Karlsruhe - Eine Woche nach seiner Tumor-Operation am Hoden ist der Torwart und Kapitän von Zweitligist Karlsruher SC, Dirk Orlishausen, zuversichtlich.

„Bis jetzt ist alles gut verlaufen, alle Prognosen und Bilder sind bis jetzt gut bis sehr gut. Es deutet nichts darauf hin, dass es jetzt noch schlechter werden könnte“, erklärte er am Donnerstag. Eine Prognose, die auch Mannschaftsarzt Marcus Schweizer stützte: „Es stehen zwar noch endgültige Untersuchungen an, aber alles spricht im Moment dafür, dass er in fünf bis sechs Wochen wieder ganz normal am Trainingsbetrieb teilnimmt“, sagte der Mediziner.

Bei dem seltenen Eingriff, dem sich nach Angaben Schweizers in Deutschland jährlich nur rund 4000 überwiegend jüngere Männer unterziehen müssen, waren der Hoden und das bösartige Geschwulst über die Leiste entfernt worden. „Es gibt zwar eine Restwahrscheinlichkeit von ein, zwei Prozent, dass bei der Abschlussbesprechung noch etwas schlechtes zutage kommt“, räumte Schweizer ein. Bei Orlishausen seien aber alle Indikatoren durchweg positiv.

Der Schreck war allen Beteiligten rund um den Karlsruher Wildpark auch eine Woche nach der Operation in den Gesichtern abzulesen. Dass Orlishausen nun den Schritt in die Öffentlichkeit gegangen ist, sieht der 31-Jährige als erste Maßnahme zurück in die Normalität. „Ich fand es viel schwerer, gar nichts zu sagen. Ich habe die ganze Woche alle SMS und Anrufe geblockt, ich habe meine Familie drei Tage im Dunkeln gelassen, bis ich wusste, was die Bilder sagen“, erzählte er.

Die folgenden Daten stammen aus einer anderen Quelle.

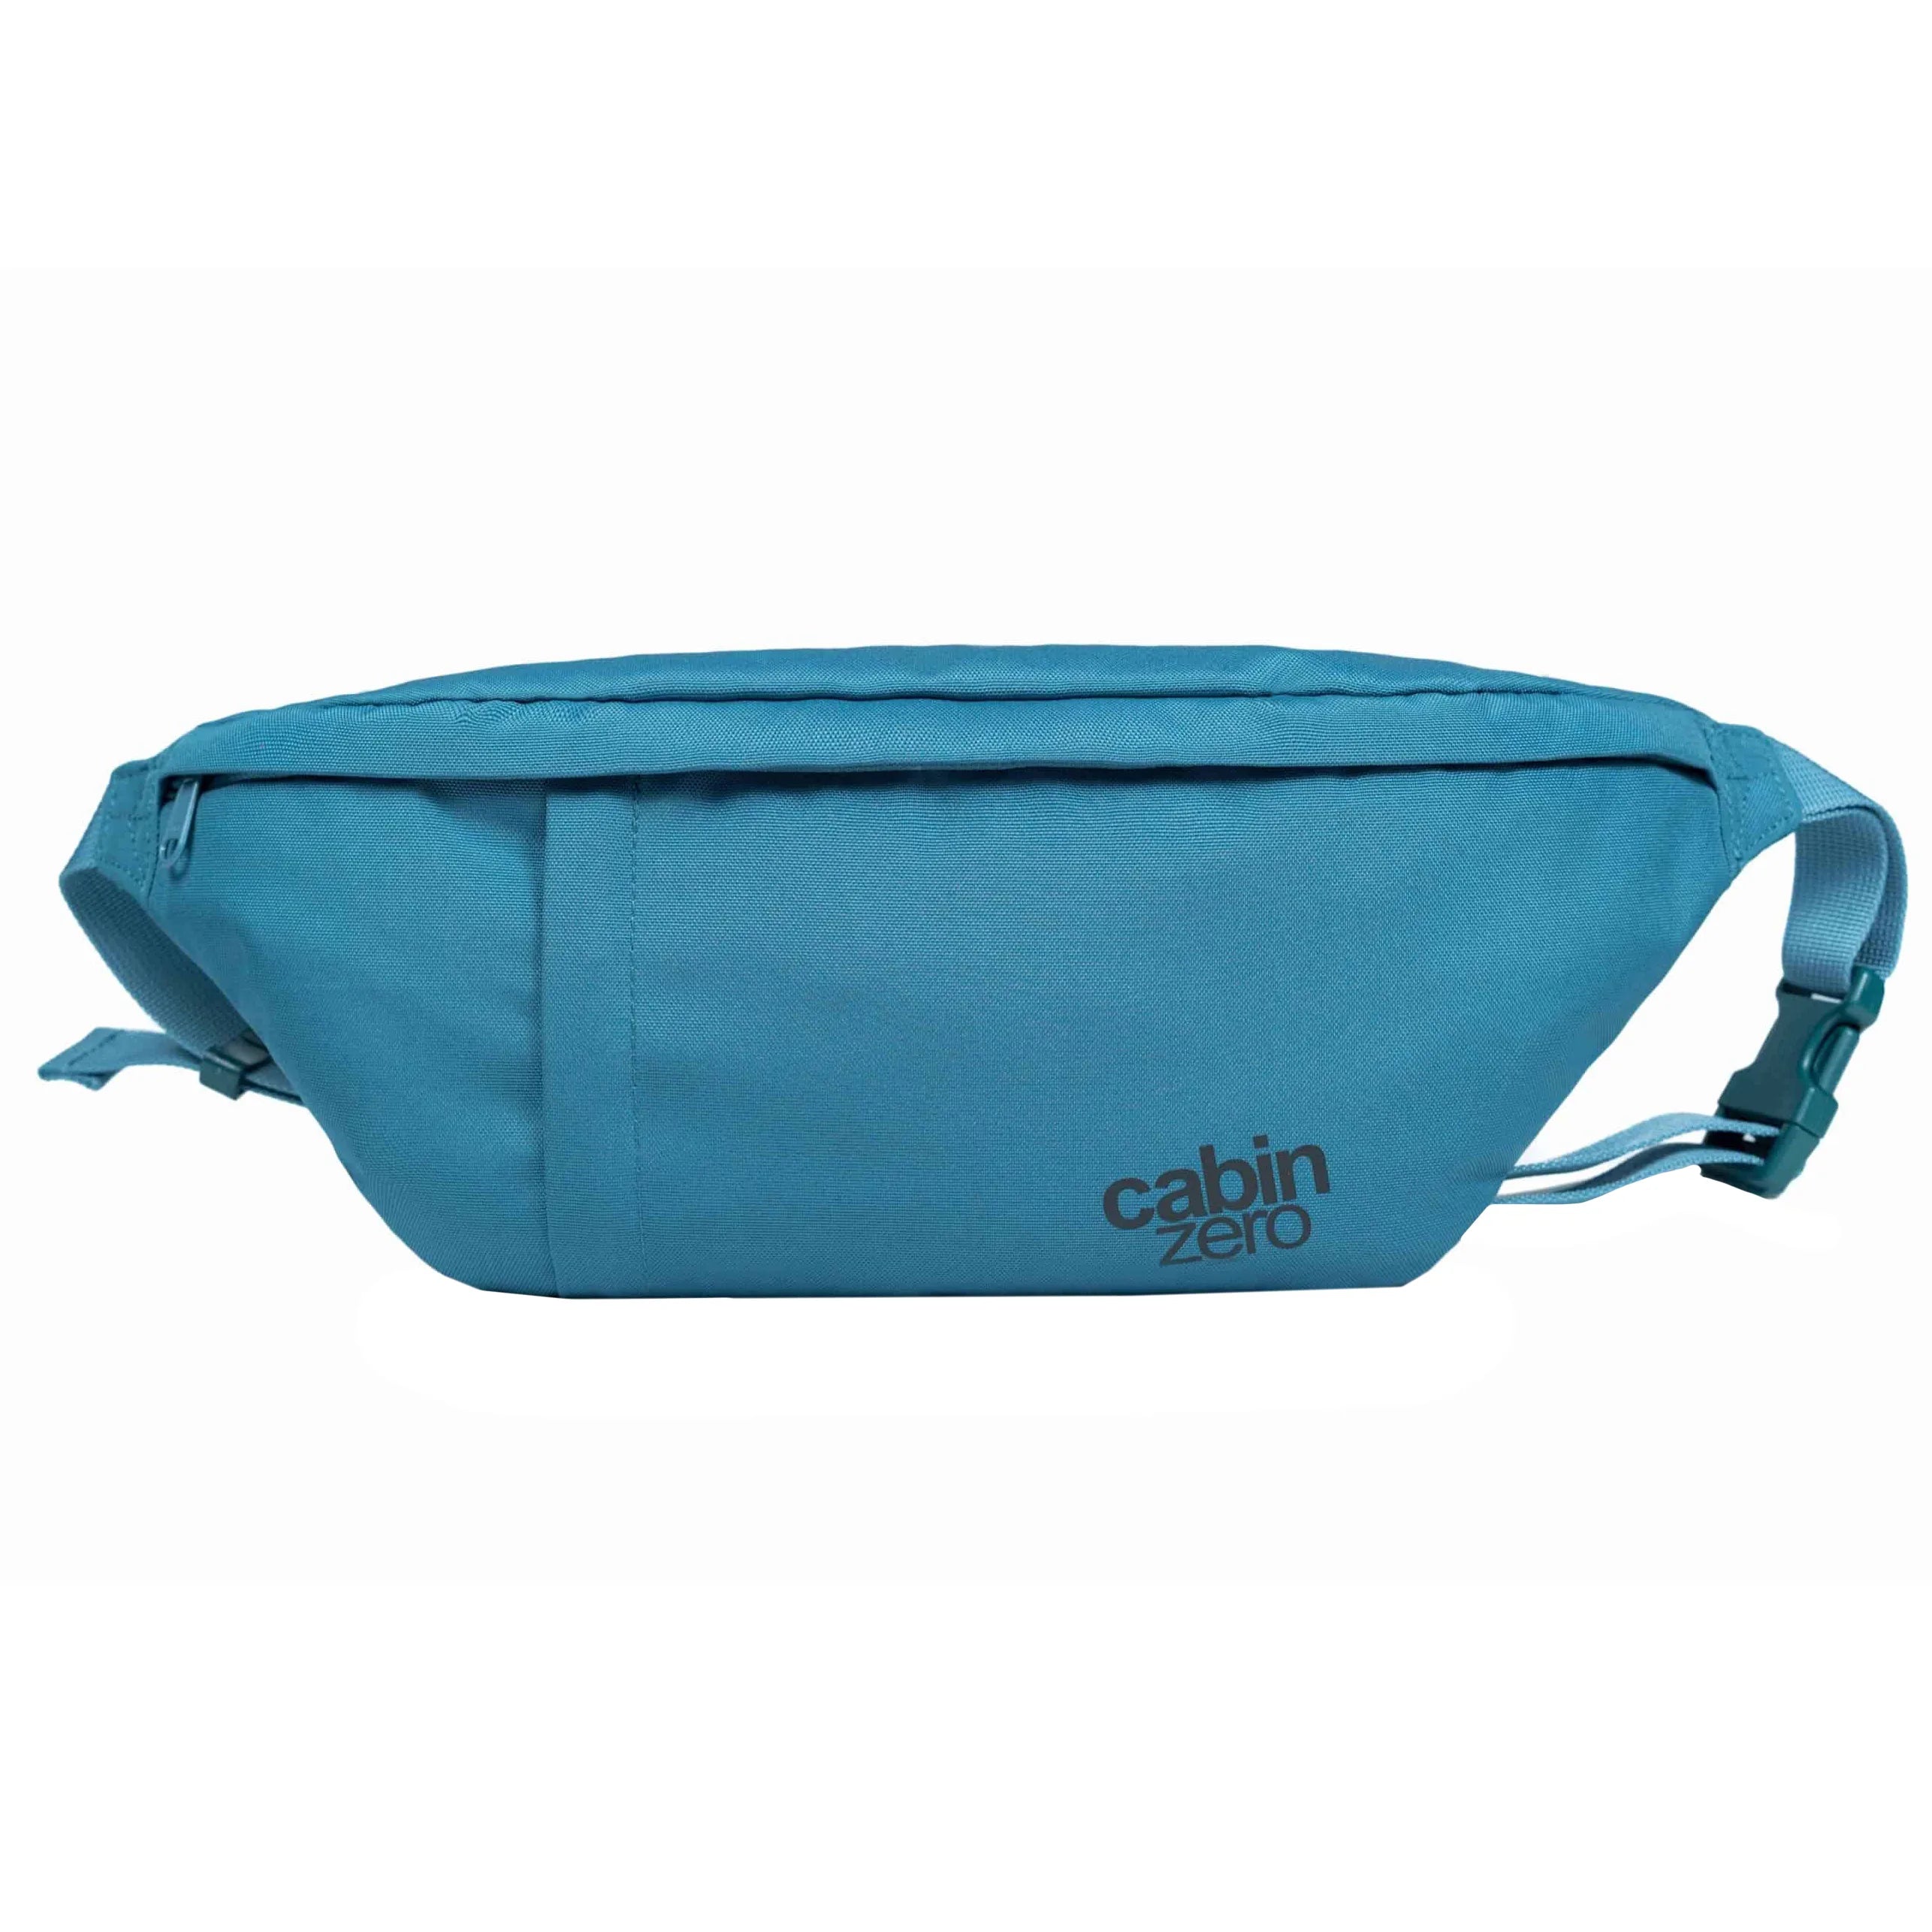 CabinZero Companion Bags Hip Pack 2L sac banane 41 cm - bleu aruba
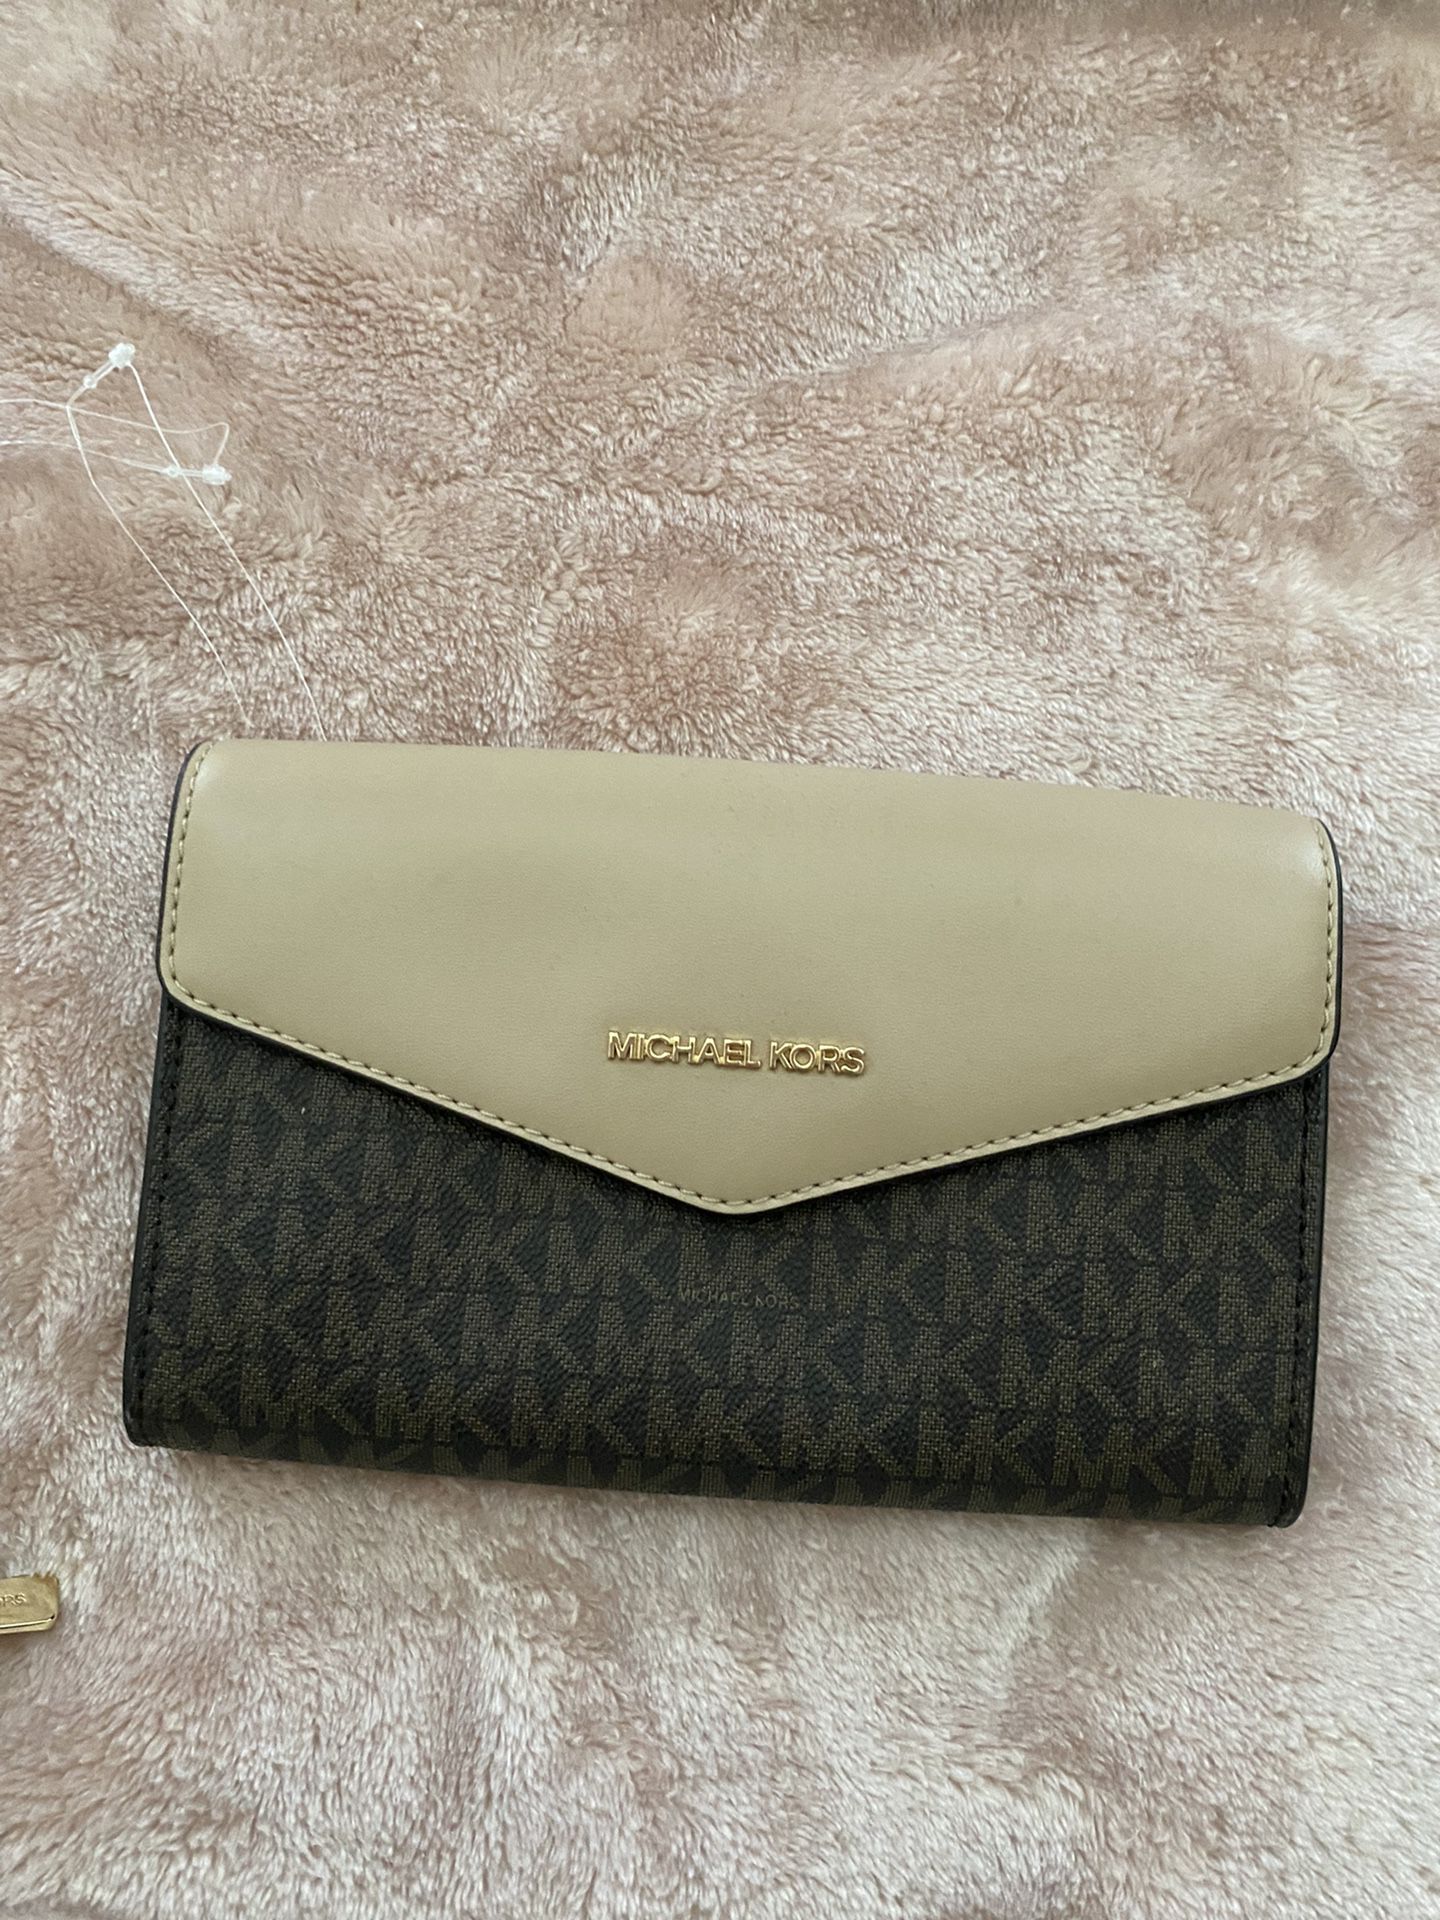 Michael Kors wallet/small purse

Den Endspurt in der 2. Bundesliga wird der KSC-Keeper zwar verpassen, seinen Blick hat Orlishausen aber bereits wieder nach vorne gerichtet. „Jetzt ist alles raus. Das ist für mich kein Thema, ich habe ja nichts verbrochen. Es ist jetzt so wie es ist, ich nehme das an. Ich hatte Glück im Unglück“, sagte er.